*** Data provided Section Begins ***
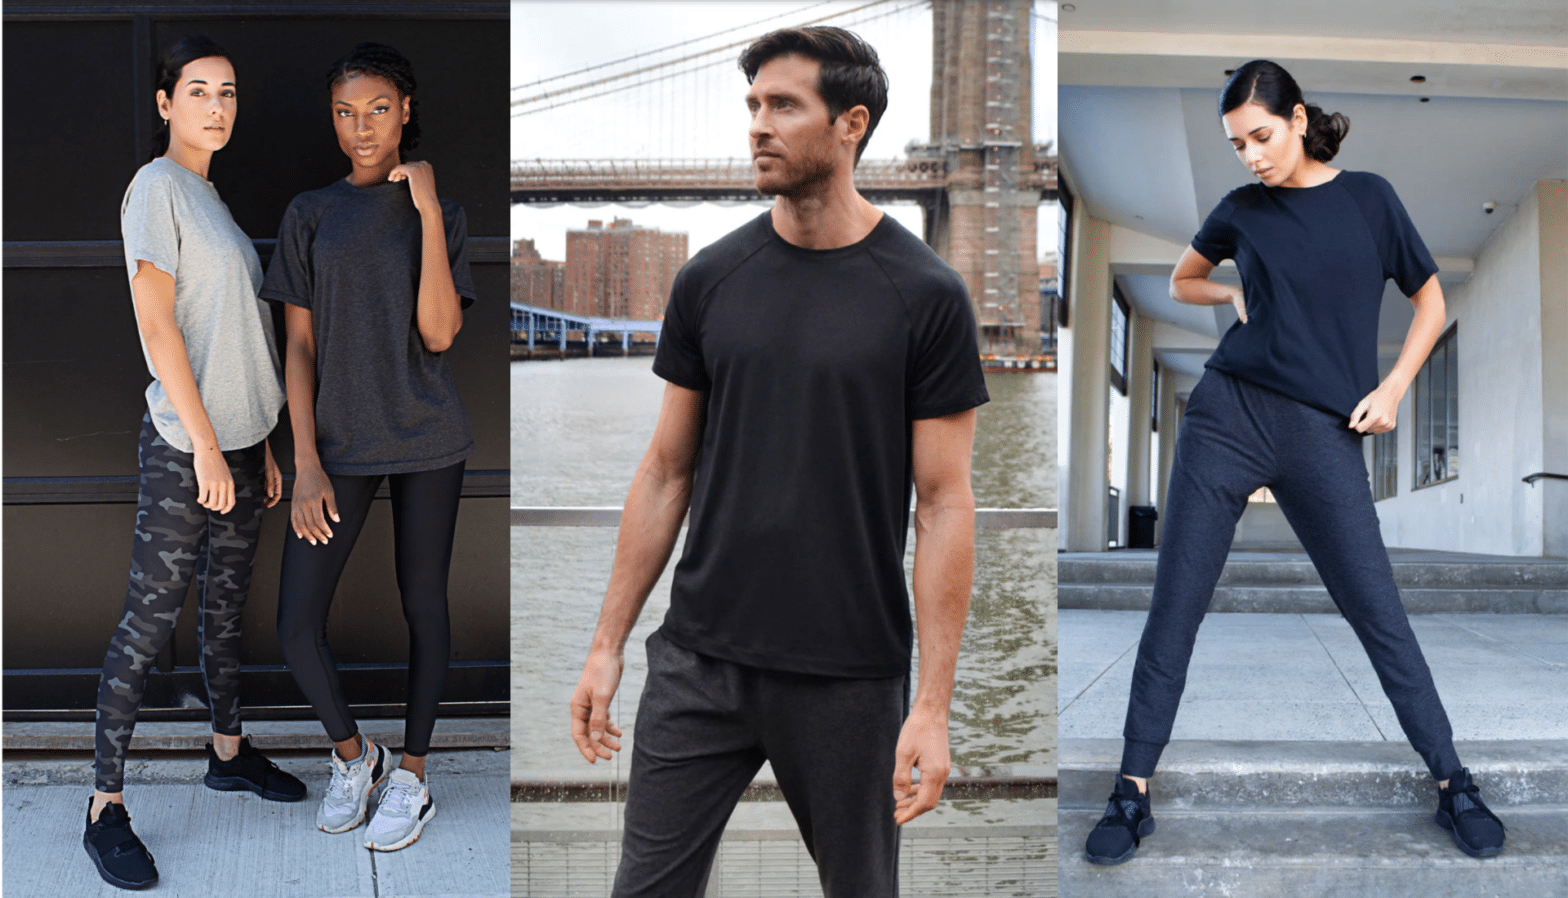 Athleisure: What Exactly Is This New Fashion Trend and Why Is it
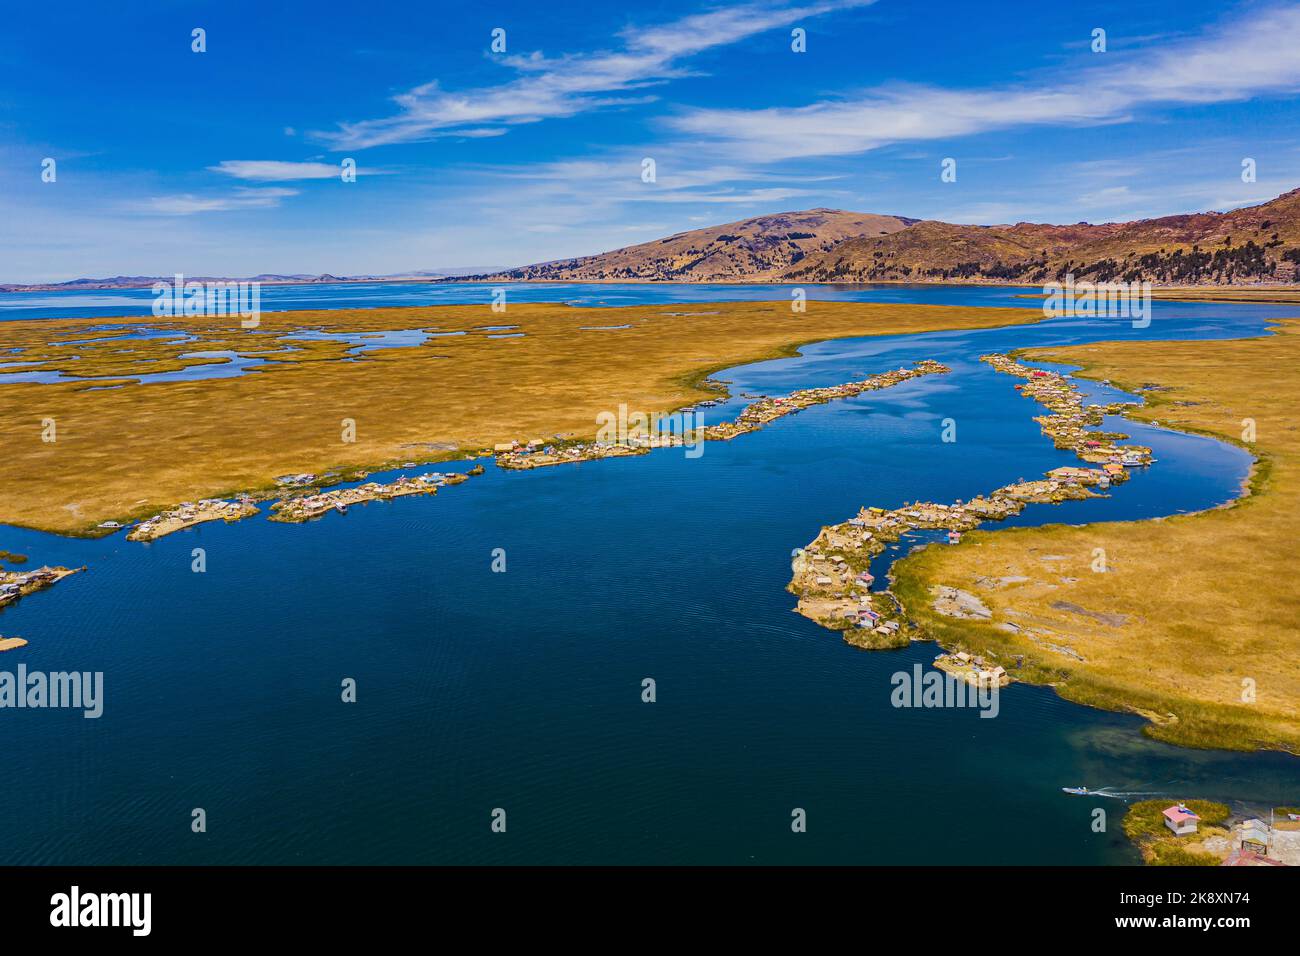 Aerial view of the Uros Straw Floating Islands on Lake Titicaca near Puno, Peru. Stock Photo
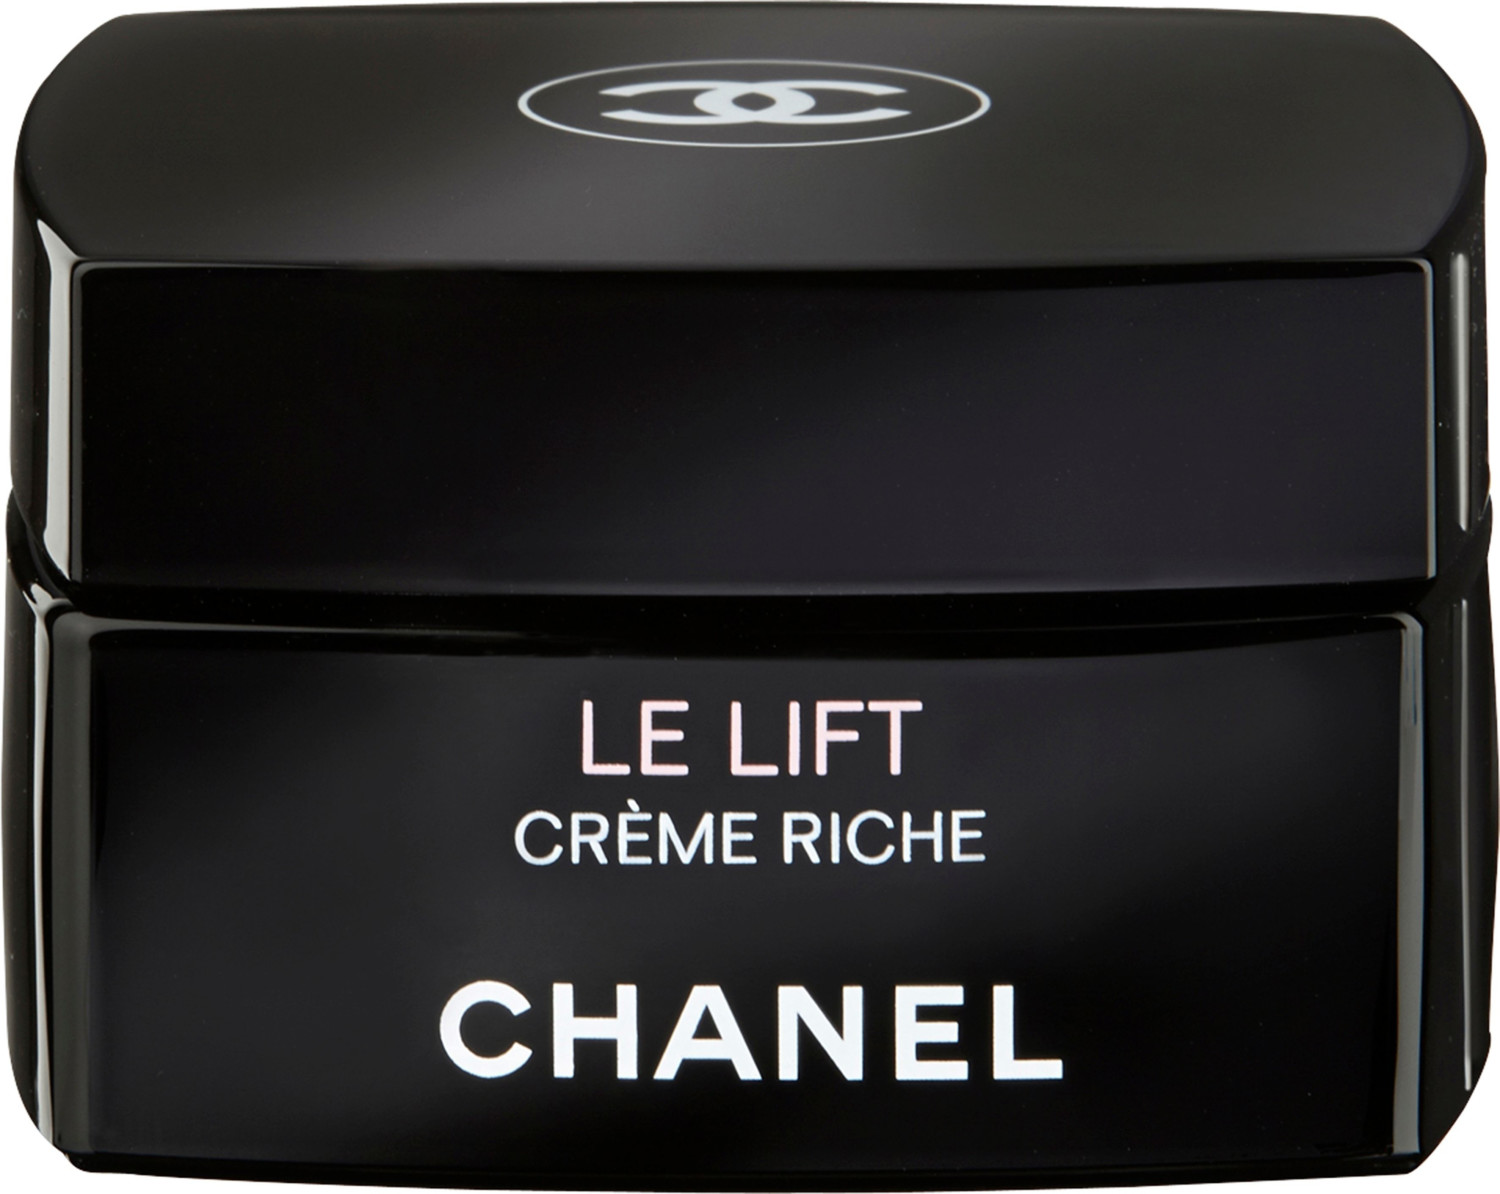 Buy Chanel Le Lift Firming Anti Wrinkle Crème Riche (50g) from £124.20  (Today) – Best Deals on
*** Data provided Section Ends ***
* **Prompt**
Only the text of the material belongs in your copy, which must match the original exactly.

* **Answer to this problem**
 Athleisure: What Exactly Is This New Fashion Trend and Why Is it
 Aerial view of the Uros Straw Floating Islands on Lake Titicaca near Puno, Peru. Stock Photo
 Buy Chanel Le Lift Firming Anti Wrinkle Crème Riche (50g) from £124.20  (Today) – Best Deals on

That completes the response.